T 0266/17 () of 17.2.2020

European Case Law Identifier: ECLI:EP:BA:2020:T026617.20200217
Date of decision: 17 February 2020
Case number: T 0266/17
Application number: 09787794.8
IPC class: A01K 31/00
A01K 45/00
Language of proceedings: EN
Distribution: D
Download and more information:
Decision text in EN (PDF, 314 KB)
Documentation of the appeal procedure can be found in the Register
Bibliographic information is available in: EN
Versions: Unpublished
Title of application: TRANSPORTING UNIT FOR LIVE POULTRY ON BOARD OF A TRUCK
Applicant name: Zanotti, Massimo
GIORDANO POULTRY-PLAST S.p.A.
Opponent name: Linco Food Systems A/S
Board: 3.2.04
Headnote: -
Relevant legal provisions:
European Patent Convention Art 100(a)
European Patent Convention Art 56
European Patent Convention Art 100(b)
Keywords: Grounds for opposition - insufficiency of disclosure (no)
Grounds for opposition - lack of clarity no ground for opposition
Inventive step - main request (yes)
Catchwords:

-

Cited decisions:
G 0003/14
Citing decisions:
-

Summary of Facts and Submissions

I. The appeal was filed against the decision of the Opposition Division of 25 November 2016 to revoke the patent (Article 101(3)(b) EPC), inter alia because the subject-matter of claim 1 according to the main and first three auxiliary requests did not involve an inventive step (Articles 100(a), 56 EPC).

In the contested decision, reference is made to the following documents.

E1: EP 1 330 952 B2

E2: US 2007/0227460 A1

E3: CA 2 625 636 A1.

II. The Proprietor filed the notice of appeal on 25 January 2017 and paid the appeal fee the same day. They filed the statement of grounds of appeal on 24 March 2017.

III. In preparation for oral proceedings, the Board gave a preliminary opinion in a communication according to Article 15(1) RPBA 2007 of 1 August 2019.

Oral proceedings were held on 17 February 2020 in the presence of all parties.

IV. The Appellant-Proprietor requests that the decision of the Opposition Division be set aside and that the opposition be rejected, i.e. the patent be maintained as granted, or, in the alternative, that the patent be maintained in an amended form on the basis of any one of the 1st to 6th auxiliary requests filed with the statement of grounds of appeal.

The Respondent-Opponent requests dismissal of the appeal.

V. Claim 1 of the main request (as granted) reads as follows.

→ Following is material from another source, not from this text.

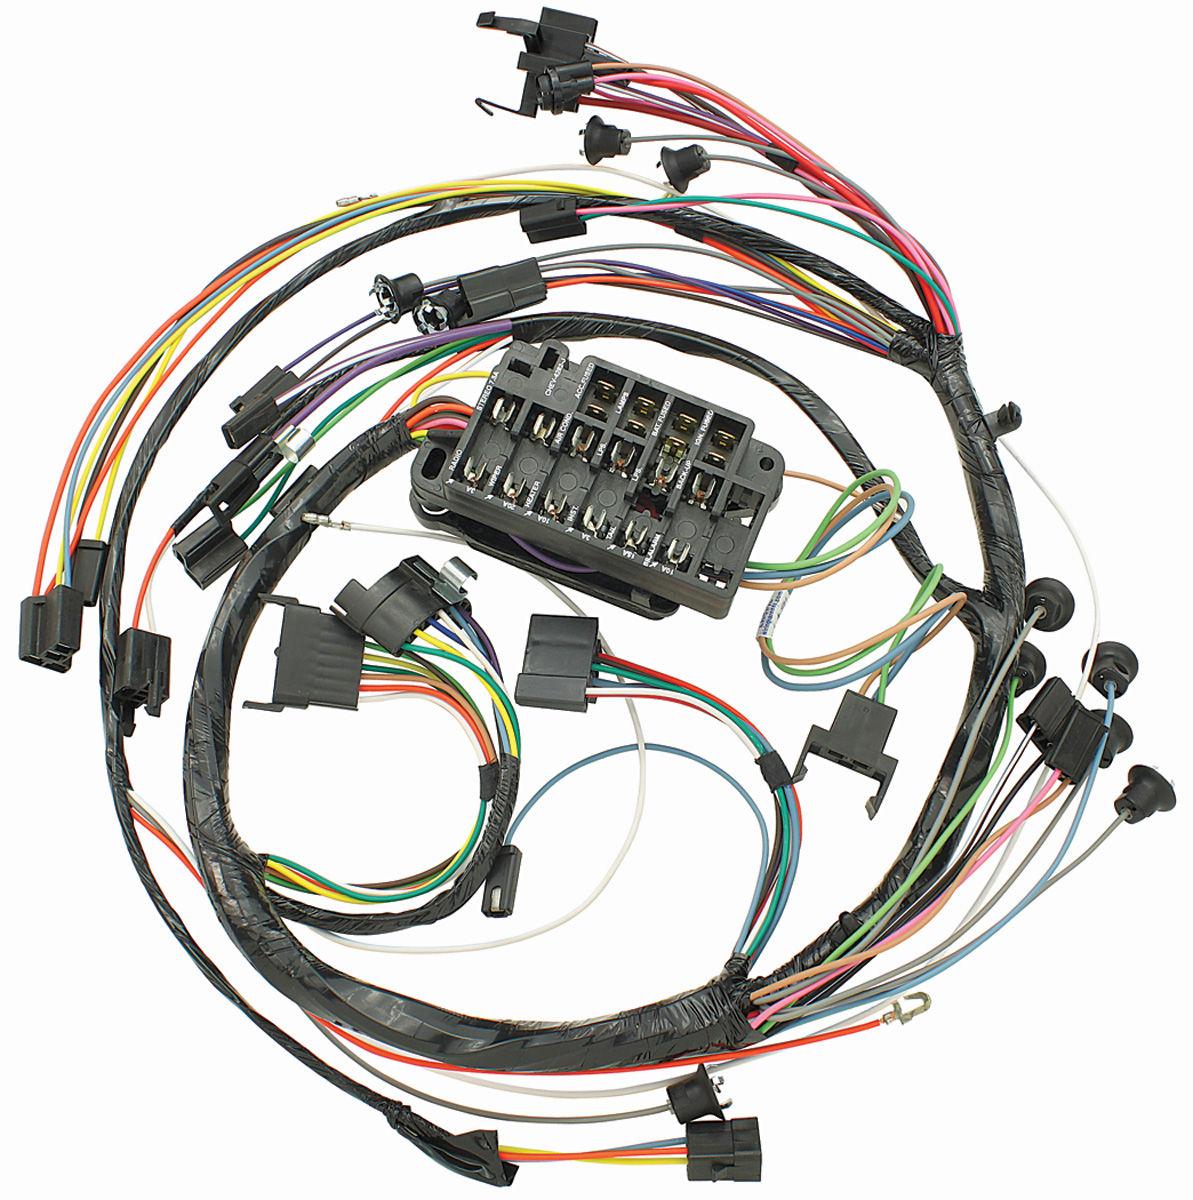 [SCHEMATICS_4US]  Wiring Harness, Dash, 1966 Chevelle/El Camino, Gauges/Console @ OPGI.com | 1966 El Camino Wiring Harness |  | Original Parts Group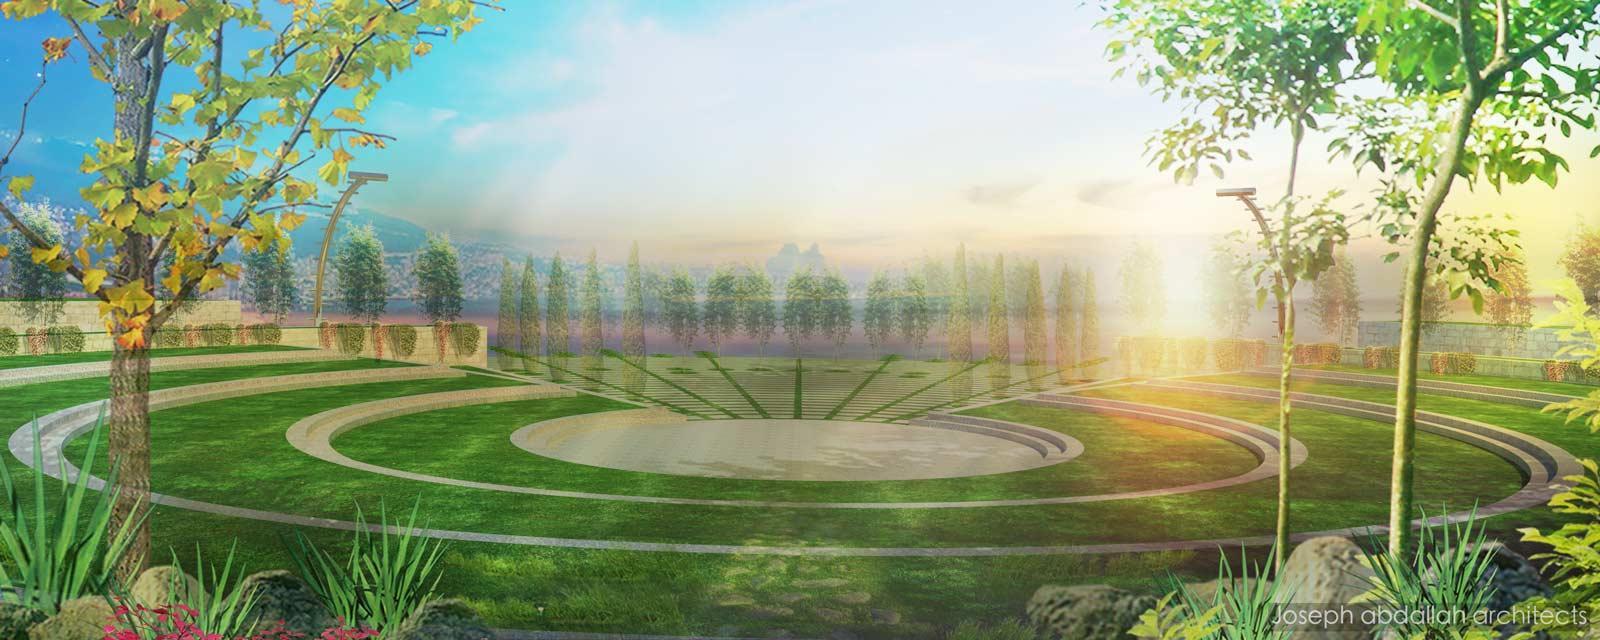 chbat-venue-wedding-garden-landscape-design-lebanon-joseph-abdallah-architects-1

"Transporting unit for live poultry on board of a truck (A), comprising a supporting frame (2) and a plurality of drawer-type cages (3) open at the upper part and arranged in mutually stacked condition in the supporting frame (2) in such a manner that the bottom (4) of a drawer-type cage (3) provides the cover for the underlying drawer-type cage (3), said drawer-type cages (3) having lateral walls (5, 7) with aeration openings and being extractable only towards the dorsal side (2b) of the supporting frame (2) opposite to its front side (2a) at which, during use, the poultry to be transported is introduced into said drawer-type cages (3), characterised in that each of said drawer-type cages (3) has a lateral wall (6) substantially without aeration openings and intended to be selectively positioned at one side or the opposite side of the supporting frame (2)."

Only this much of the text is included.